Using MLflow as Storage Backend to Save ML Models
=================================================

.. include:: ../../../snippets/slack_support.rstinc

By default, LineaPy uses LineaPy to save artifacts for all object types.
However, for users who have access to MLflow, MLflow might be their first choice to save the ML model.
Thus, we enable using MLflow as the backend storage for ML models.

Configure MLflow
----------------

Depend on how our MLflow is configured. We might need to specify ``tracking URI`` and (optional) ``registry URI``in MLflow to start using MLflow.

.. code:: python

mlflow.set_tracking_uri('your_mlflow_tracking_uri')
mlflow.set_registry_uri('your_mlflow_registry_uri')

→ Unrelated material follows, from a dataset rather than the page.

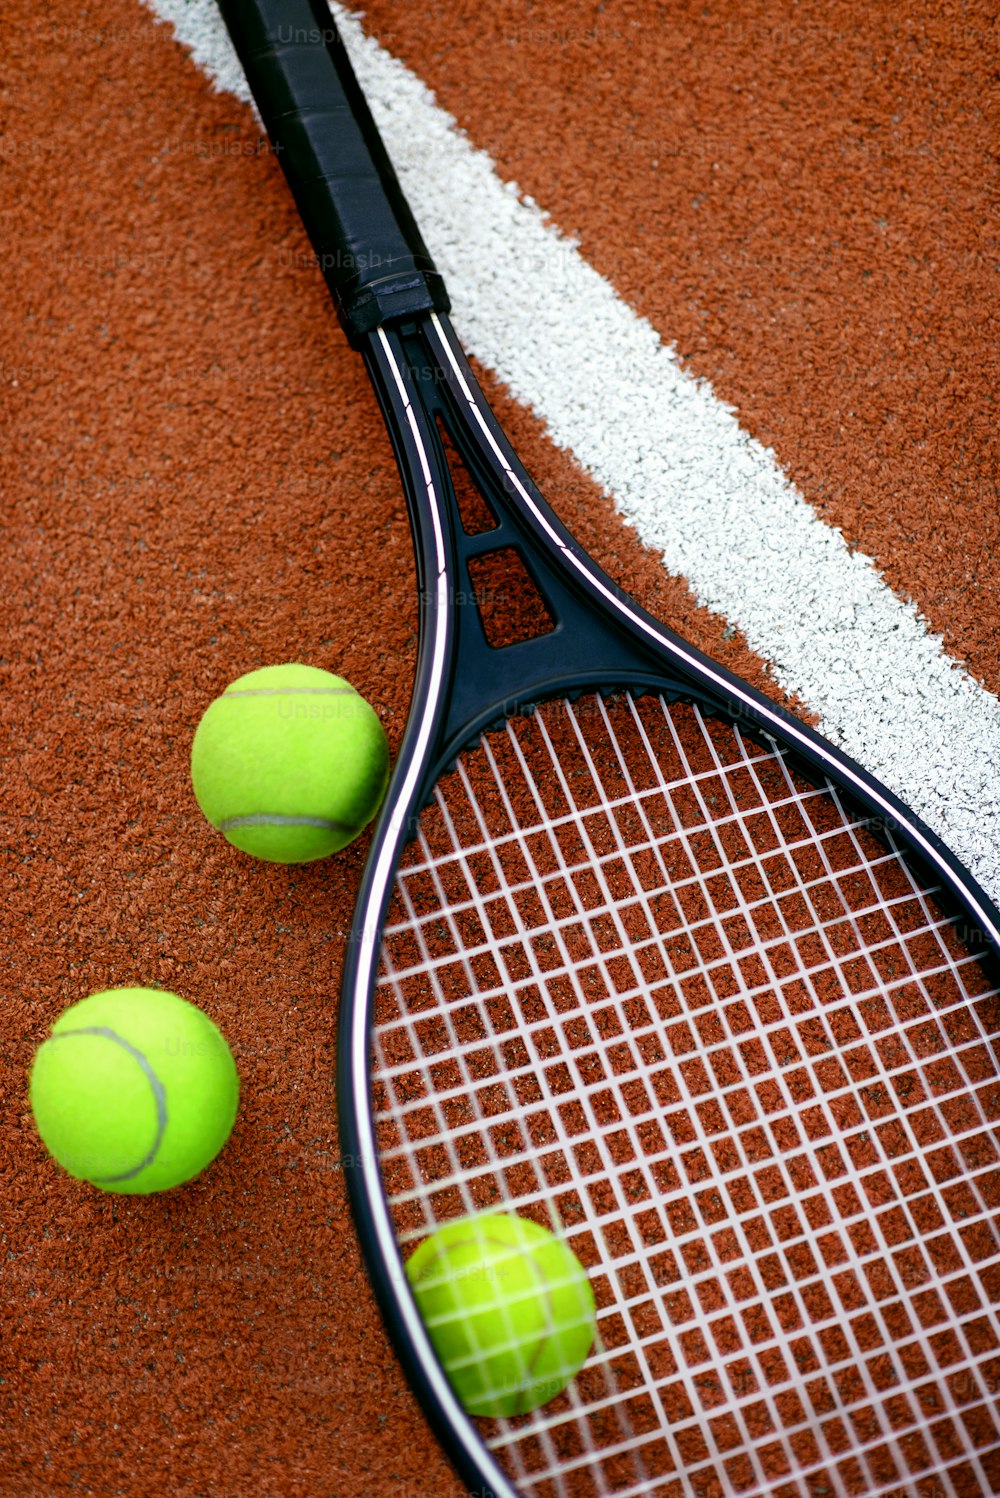 Sport. Tennis Balls And Racket On Court. Close Up Of Equipment For Sports Such As Tennis Racquet And Yellow Ball Lying On Open Court. High Quality

To let LineaPy be aware of the existence of MLflow, we need to set corresponding config items if we want to use MLflow as the storage backend for ML models.

.. code:: python

lineapy.options.set('mlflow_tracking_uri','your_mlflow_tracking_uri')
lineapy.options.set('mlflow_registry_uri','your_mlflow_registry_uri')


.. note::

For objects not supported by MLflow, it will fall back to using LineaPy as the storage backend as usual.

Set Default Storage Backend for ML Models
-----------------------------------------

Each user might have a different usage pattern for MLflow; some might use it for logging purposes and record all developing models. Some might treat it as a public space and only publish models that meet specific criteria to MLflow.
In the first case, users want to use MLflow to save artifacts(ML models) by default, and in the second case, users only want to use MLflow to save artifacts when they want.
Thus, we provide an option(``default_ml_models_storage_backend``) to let users decide the default storage backend for ML models when ``mlflow_tracking_uri`` has been set.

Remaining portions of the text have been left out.